Will the analytics tool track this activity prior to registration and link it to the registered user?

 

With Mixpanel or KISSmetrics, there is no loss of session-activity when using the Mixpanel or KISSmetrics alias method, as they automatically link your user ID (that you passed to the alias method) to the internal ID allocated by Mixpanel and KISSmetrics.

 

What happens to session activity prior to registration in KISSmetrics and Mixpanel

 

When a user first accesses a site from a specific device, Mixpanel and KISSmetrics generate a new client ID (distinct_id in Mixpanel and anonymous id in KISSmetrics) for that user (no. 1 in the above illustration) and begin using this ID to store all activity from now on. Once you call the alias method, these tools tie the current client ID to your user ID that you passed (no. 2 in the above illustration) – and all past activity will now be related to that user ID.

 

Google Universal: With Google Universal it is not that simple, as there is no alias method, and the user ID attribute that is much talked about doesn’t actually exist at this point. The good news is, however, that there is a work around solution. The secret is to use the client ID that Google Universal generates for the user, and tie it to the user information on your end. When the user registers, instead of replacing the client ID with your own user ID, keep the current client ID and store it on your database. From now on, this client ID will be used every time the user logs onto the site.

 

What happens to session activity prior to registration in Google Universal

 

Scenario No. 2 – What happens to session activity prior to signing in?

Mixpanel: Every time a user signs in, use the identify method to tell Mixpanel to switch to the relevant client ID. (This will automatically set the correct client ID based on the user ID that you passed to the identify method).

 

Google Universal: There is no identify method in Google Universal, but by manually changing the client ID (explained here), all future activity is related to that client ID, thereby achieving the exact same result.

 

So both Google Universal and Mixpanel support identification, one way or another.

 

But, what about the pages already viewed by the user (browsing and searching) prior to signing in? And what about the marketing channel used?

 

Let’s expand on this scenario. During her first visit, Anne registers on eBay from her desktop (visit I). A few days later, she uses her iPad to look for a digital camera on eBay, but doesn’t find anything (visit II). Later that same day, she uses her iPad to google for a specific camera. She finds what she is looking for, logs on, and makes a bid (visit III).

 

What your web analytics tool should show is: 1 unique visitor with 3 visits.

 

But what Mixpanel or Google Analytics actually show is: 2 unique visitors with 4 visits.
Let’s see why:

 

What happens to session activity prior to signing in

 

First Visit

  1. Visit I, pre-registration from desktop. Anne views one page but as the analytics tool does not recognize the visitor (first visit to the site from her desktop), it generates a new client ID (100). Anne then views one more page before registering (all tracked under the same client ID (100).
  2. Anne now registers. The site executes the alias method and ties our newly created user ID (1000) with client ID (100) and understands that the two pageviews prior to registration are related to this user.

Second Visit

  1. Visit II, from iPad. The analytics tool does not recognize Anne as this is her first visit to the site via her iPad. Therefore, the analytics tool generates a new client ID (200), and this entire visit (2 pageviews) is related to this client ID (200). (Note that Anne has not logged in during this visit).

Third Visit

  1. Visit III, from iPad. The analytics tool still recognizes the user as Client ID (200) because she has again accessed her site via her iPad. The next two pageviews are, therefore, automatically related to this user: Client ID (200).
  2. Once Anne logs in, however, the site executes the identify method and uses Anne’s user ID (1000). The analytics tool now changes her client ID from 200 to 100, and all future activity will be related to client ID (100).

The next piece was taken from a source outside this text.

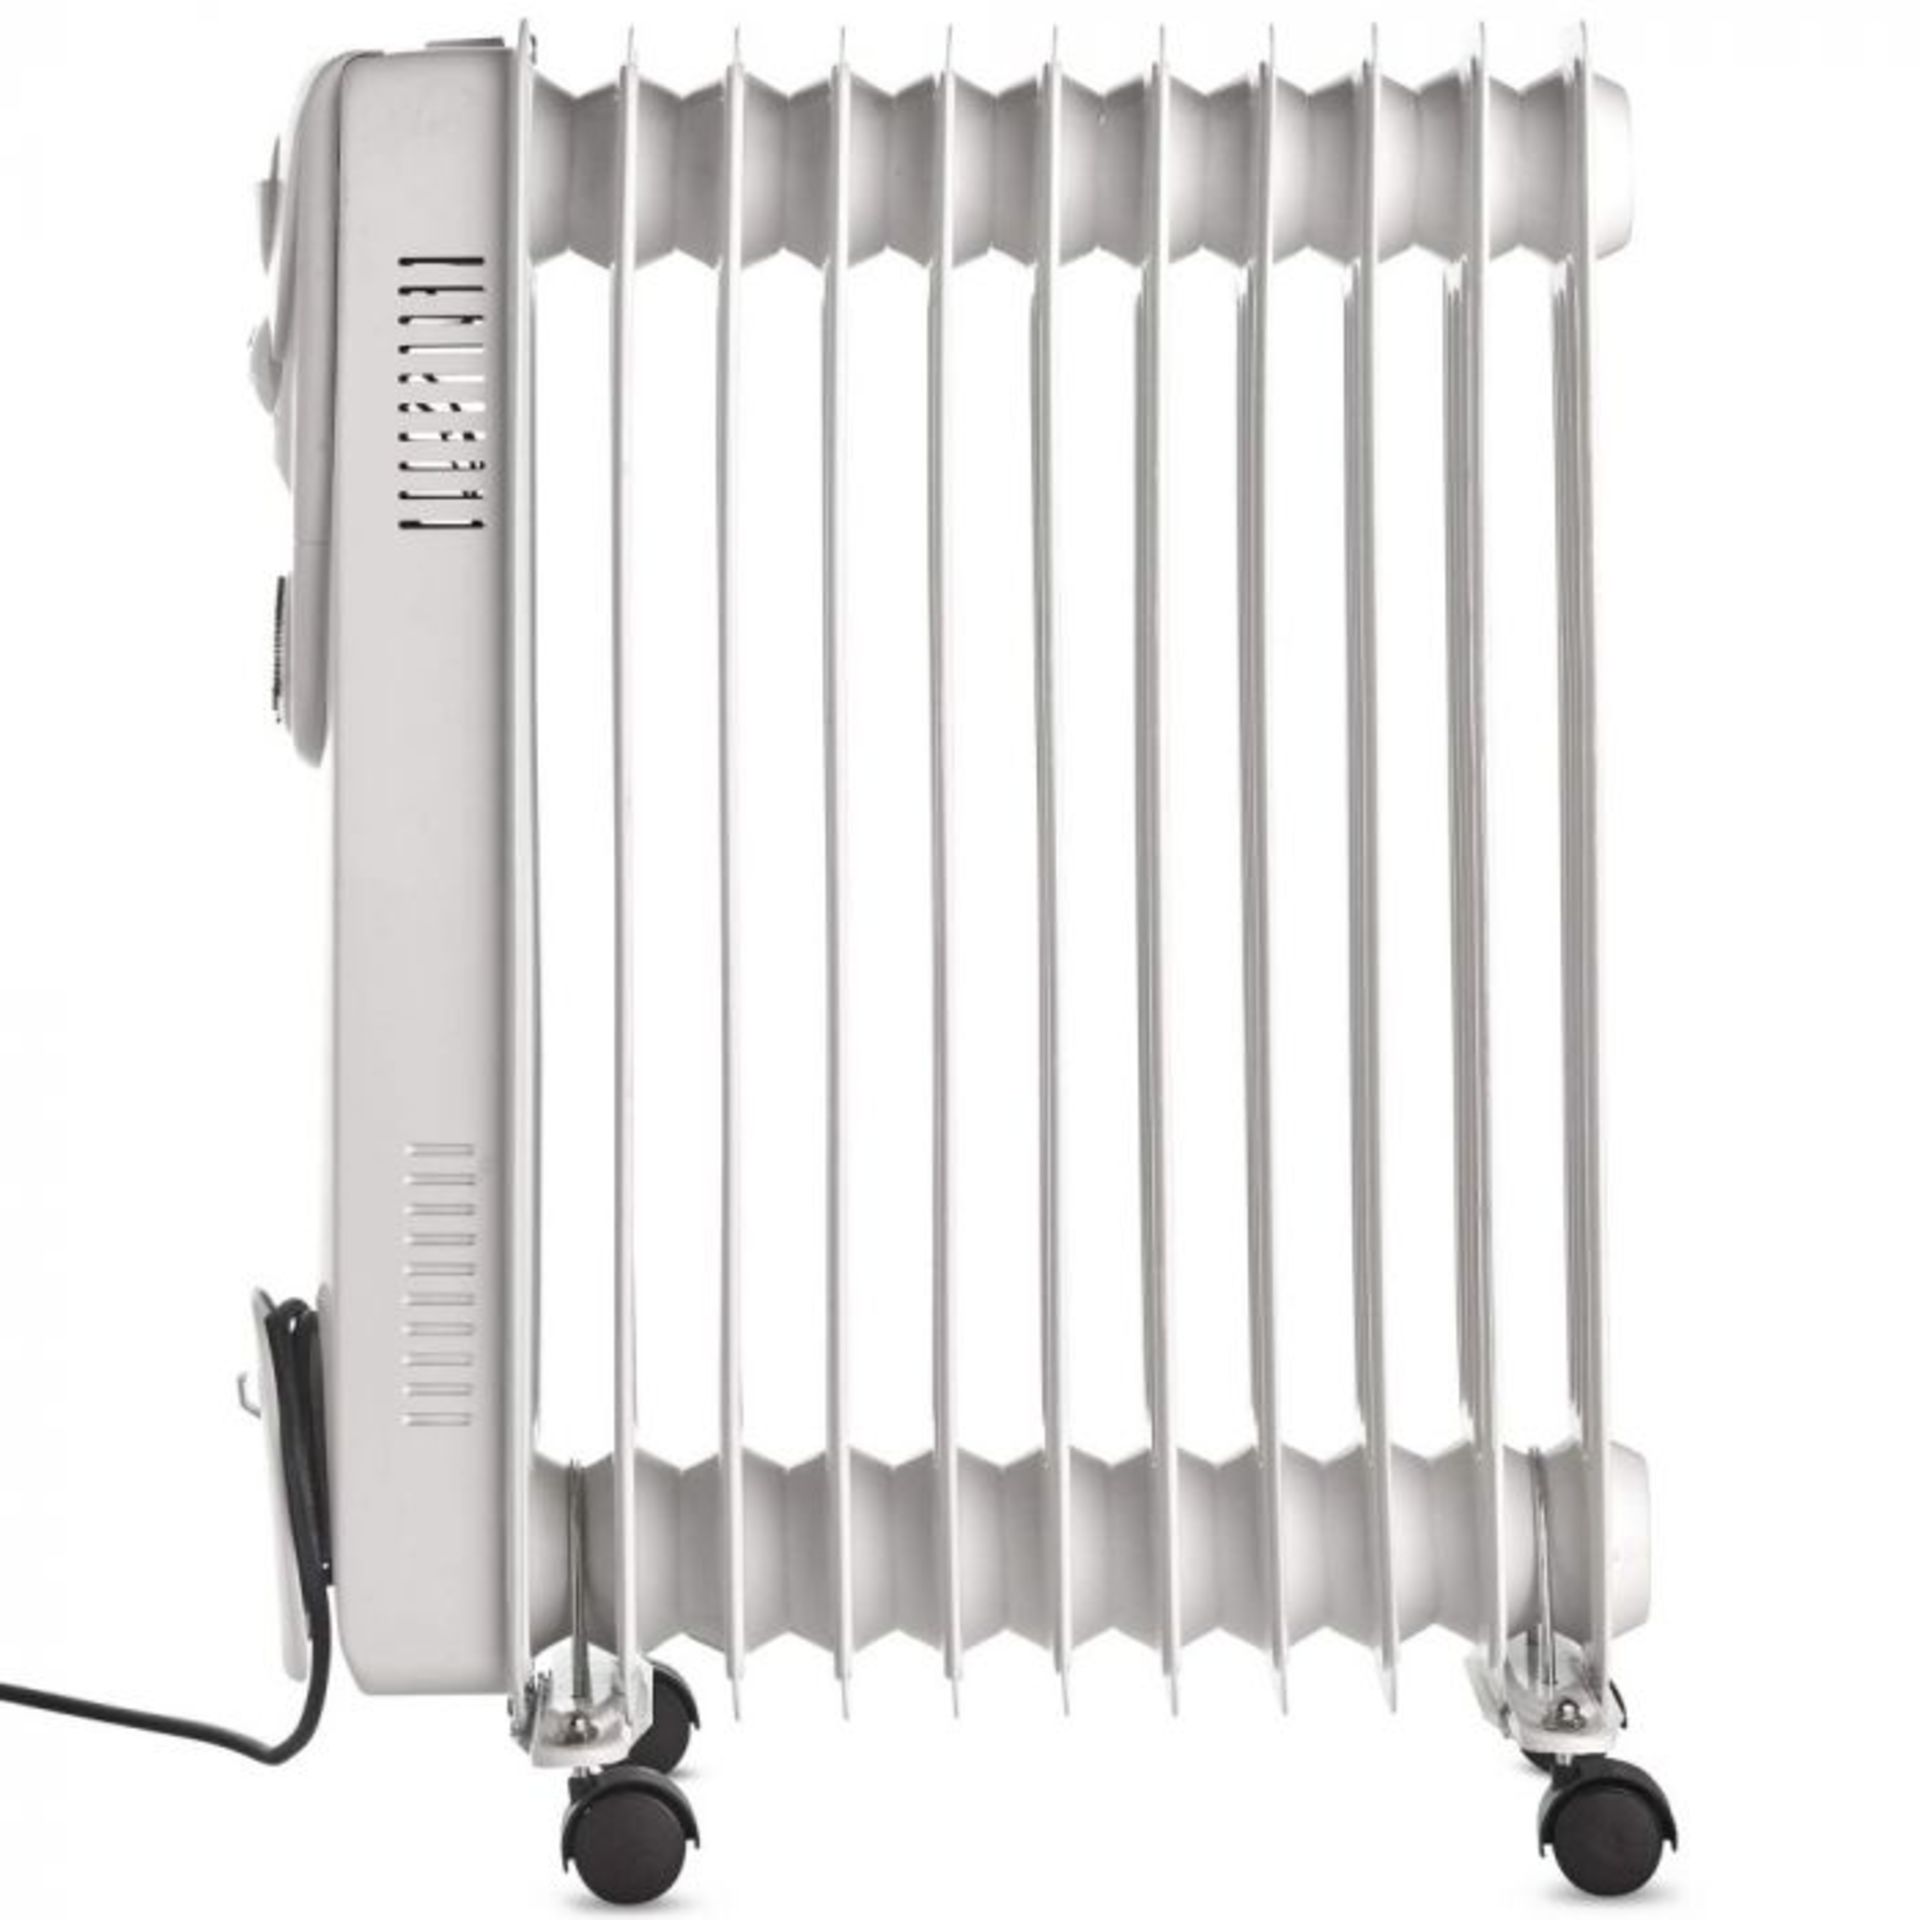 (V62) 11 Fin 2500W Oil Filled Radiator - White Suitable for areas up to 28 square metres 3 po... - Image 3 of 3

Presenting 2 unique visitors (client ID #100 and #200) with 4 visits (third visit was split between client id #200 and client ID #100) instead of 1 unique visitor with 3 visits is unfortunately far from correct.

 

In Mixpanel, this behavior is by design as described here:
This [the identify method] will remap his phone activity to the original ID he used when signing up for your service, which is the most desirable outcome. This does mean that regrettably the events he fired before logging in will not be associated with him.

 

The results presented by Google Universal are far from correct and we currently only have the client ID to work with. As I have said before, their user ID attribute only exists in theory and they are far from being considered a user-centric platform.

 

The KISSmetrics solution: We need to be able to merge the two identities. You can read more about the KISSmetrics built-in support for merging identities with their alias and identify methods, but in a nutshell, by using just the identify method, KISSmetrics links the current anonymous ID with the identified user every time the identify method is called (as long as the current user is anonymous and has not already been identified). So eventually, the same user ID will be linked to all activities prior to signing in.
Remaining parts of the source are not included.